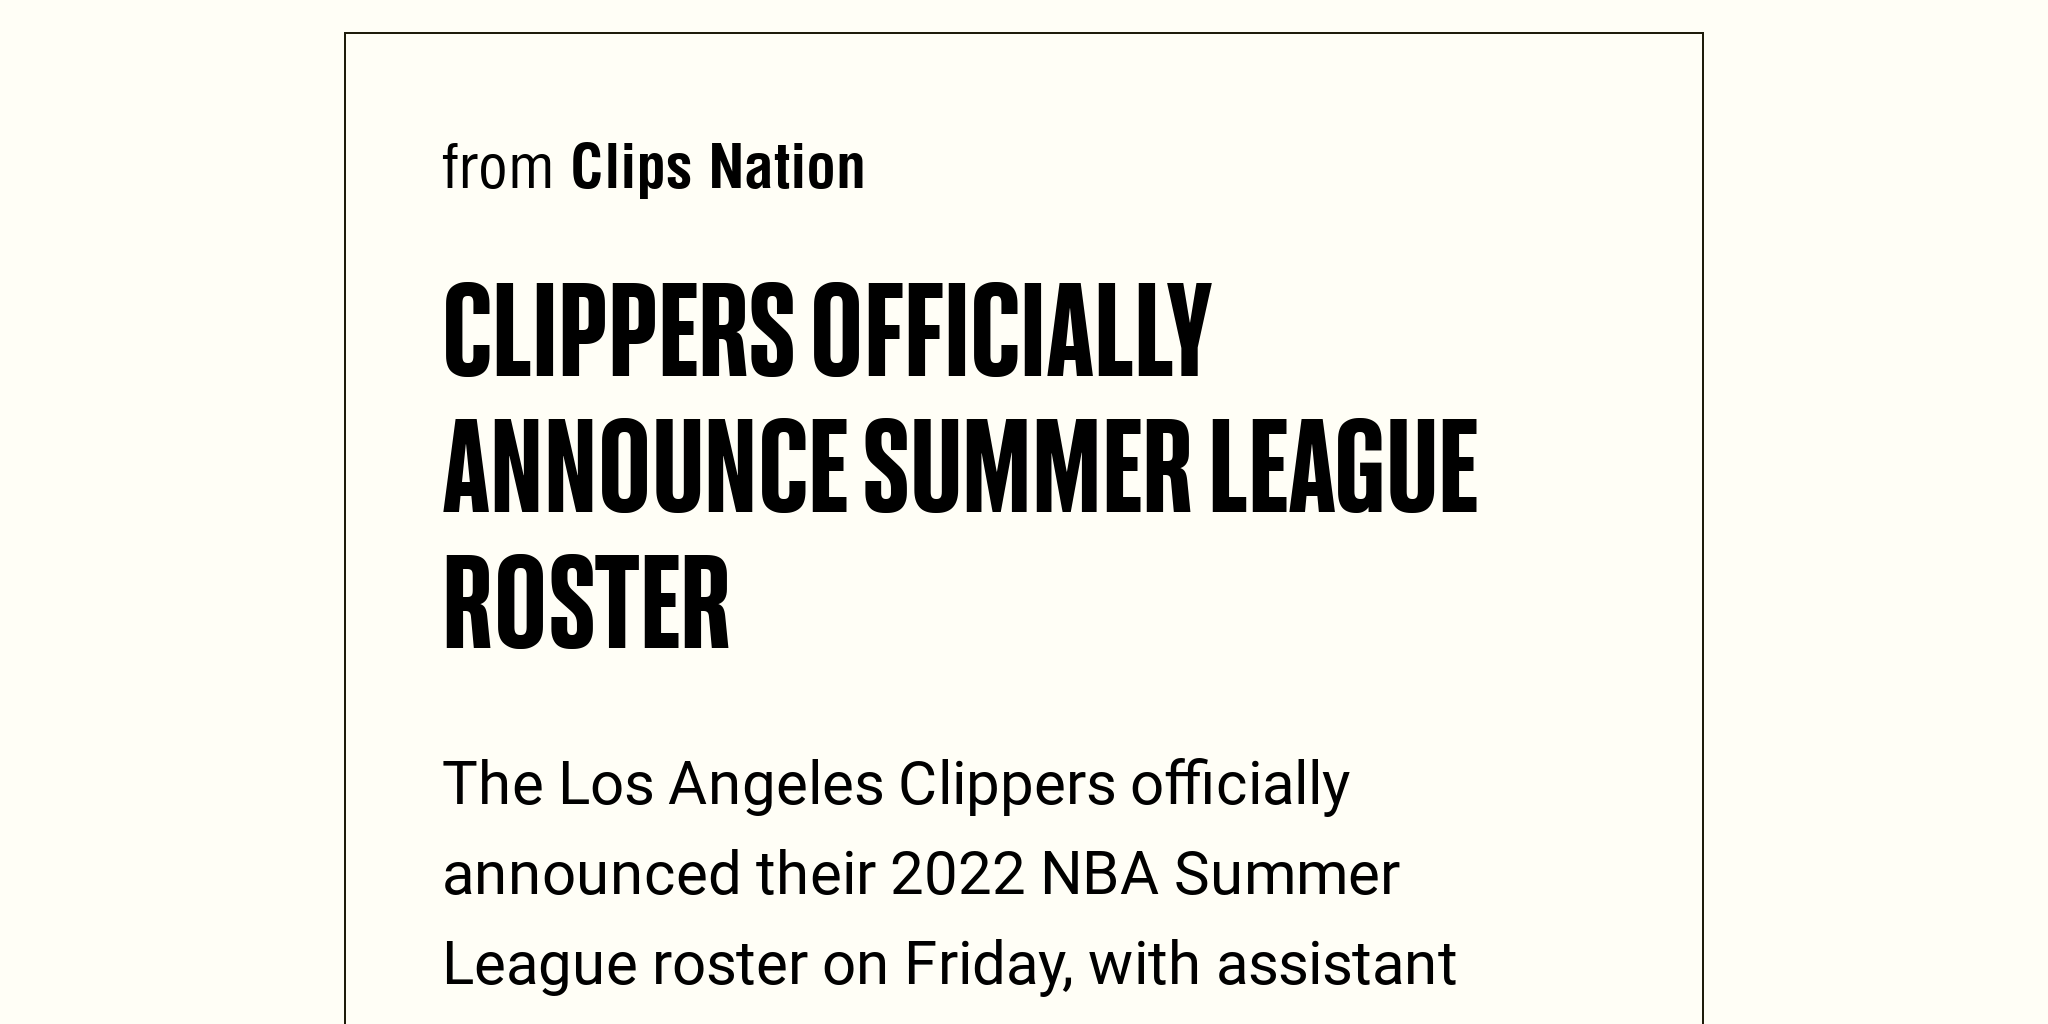 Clippers officially announce Summer League roster Briefly
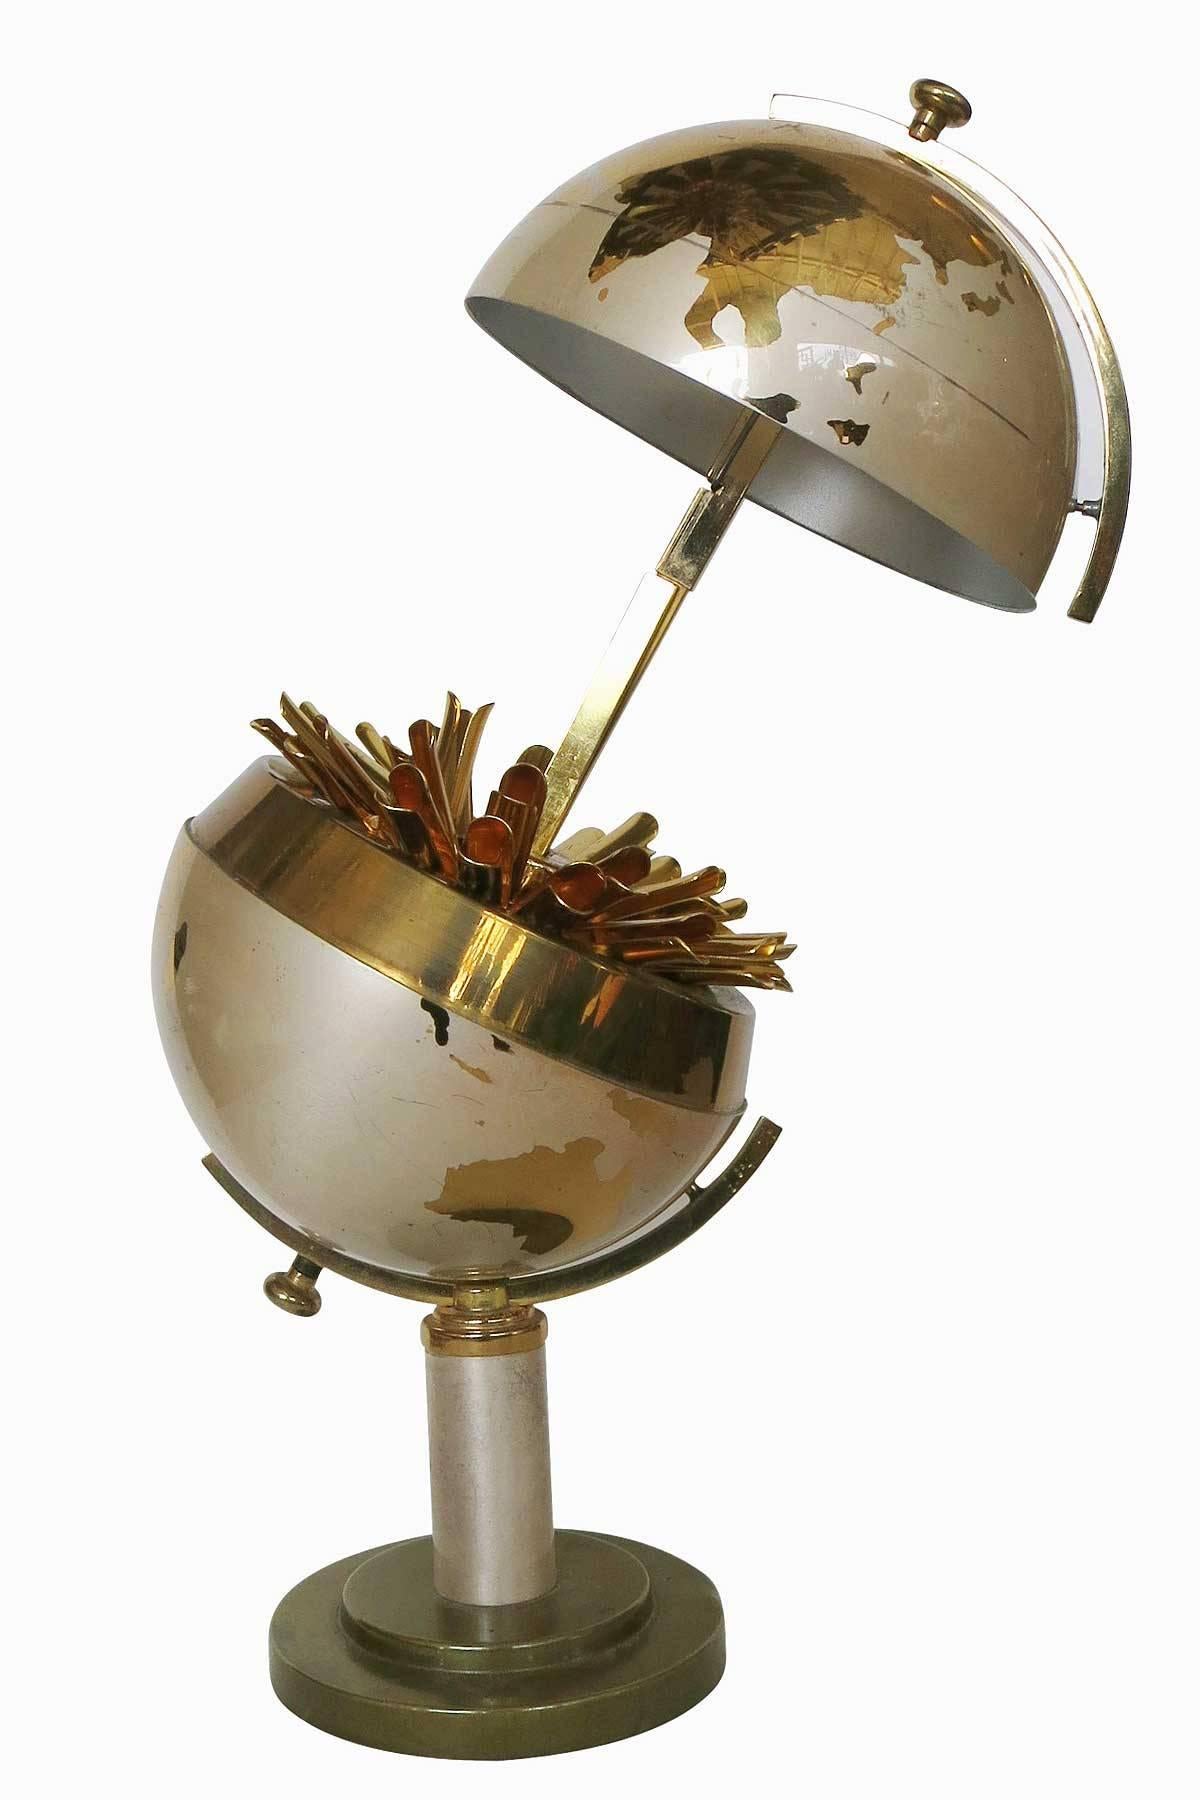 This impressive brushed steel and brass globe cigarette holder by Windmill features a brush steel globe with polished brass continents.

By pulling on the top the globe splits in two opening up to reveal a cigarette holder with 25 small brass arms
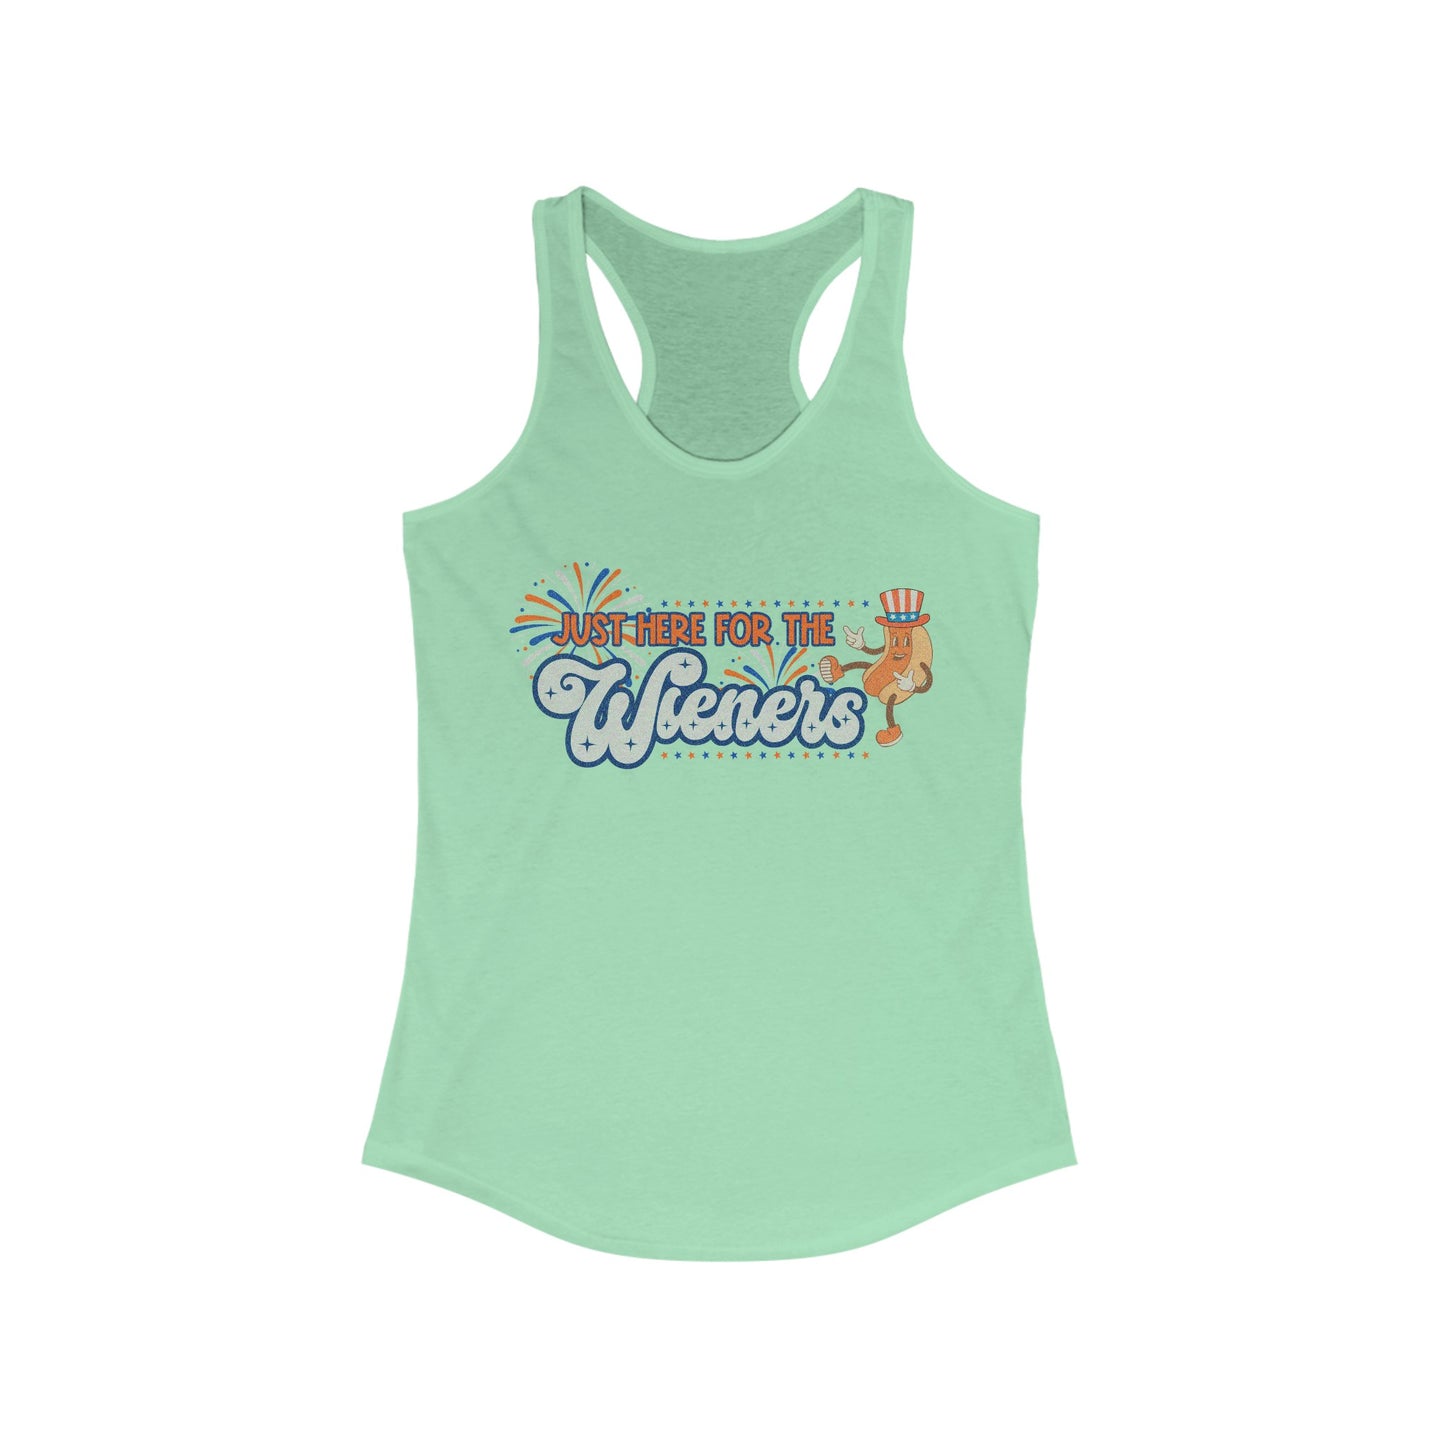 Just Here for the Wieners - Women's Ideal Racerback Tank
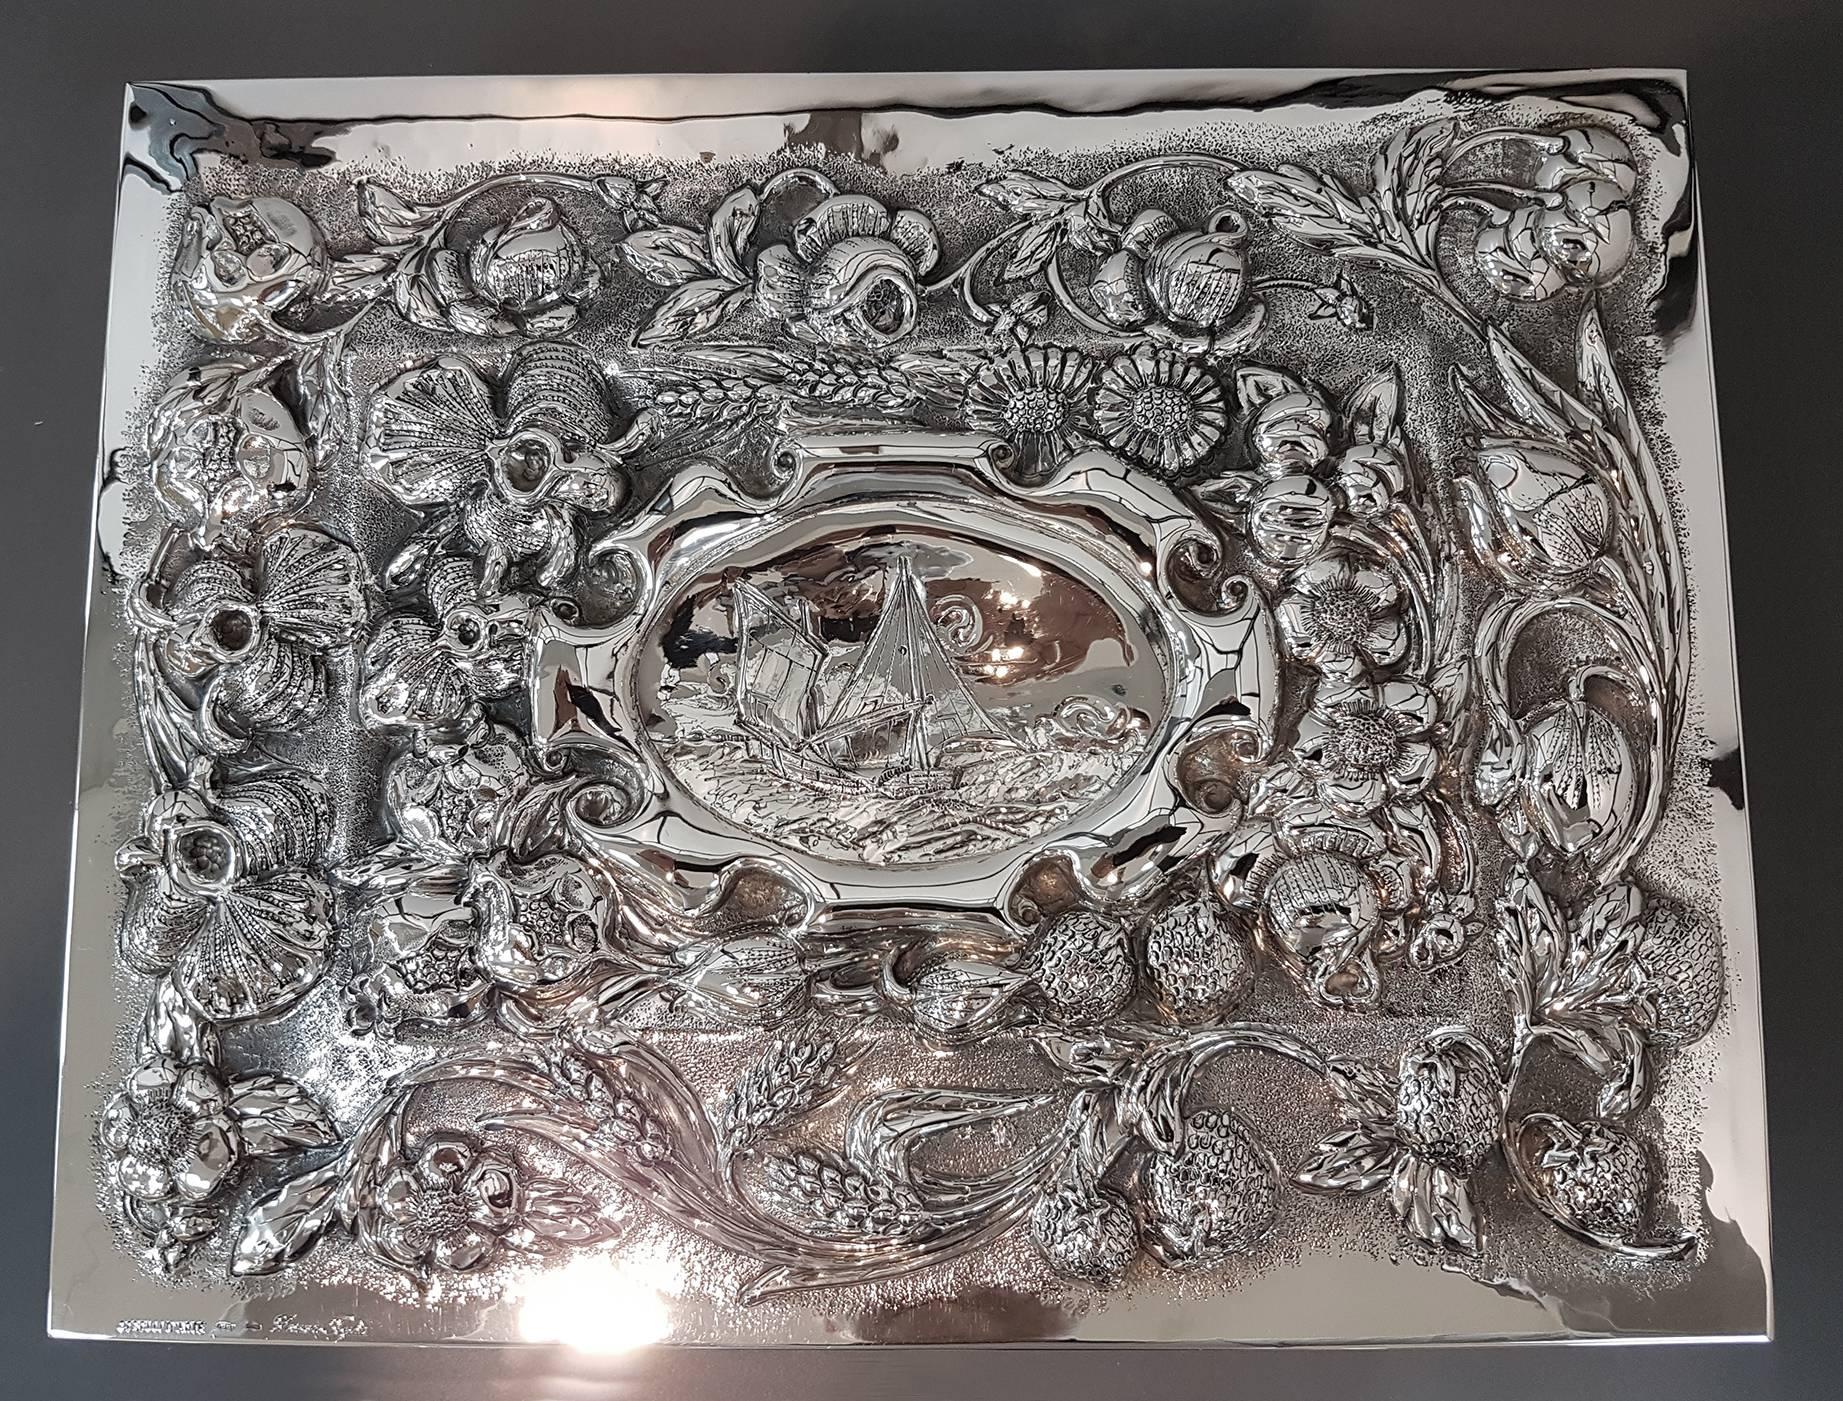 Rectangular solid silver 800°°/°°° table box.
The box is embossed by hand with flowers, leaves and fruits.
At the center of the hinged lid is embossed and engraved a sailing ship in a cartouche
The entire box was made entirely by hand.
The extensive

**What is expected**
All of the material above is to be copied exactly, except for its images.

**Completed task**
 Clippers officially announce Summer League roster Briefly
 This impressive brushed steel and brass globe cigarette holder by Windmill features a brush steel globe with polished brass continents.

By pulling on the top the globe splits in two opening up to reveal a cigarette holder with 25 small brass arms
 Just Here for the Wieners - Women's Ideal Racerback Tank
 Rectangular solid silver 800°°/°°° table box.
The box is embossed by hand with flowers, leaves and fruits.
At the center of the hinged lid is embossed and engraved a sailing ship in a cartouche
The entire box was made entirely by hand.
The extensive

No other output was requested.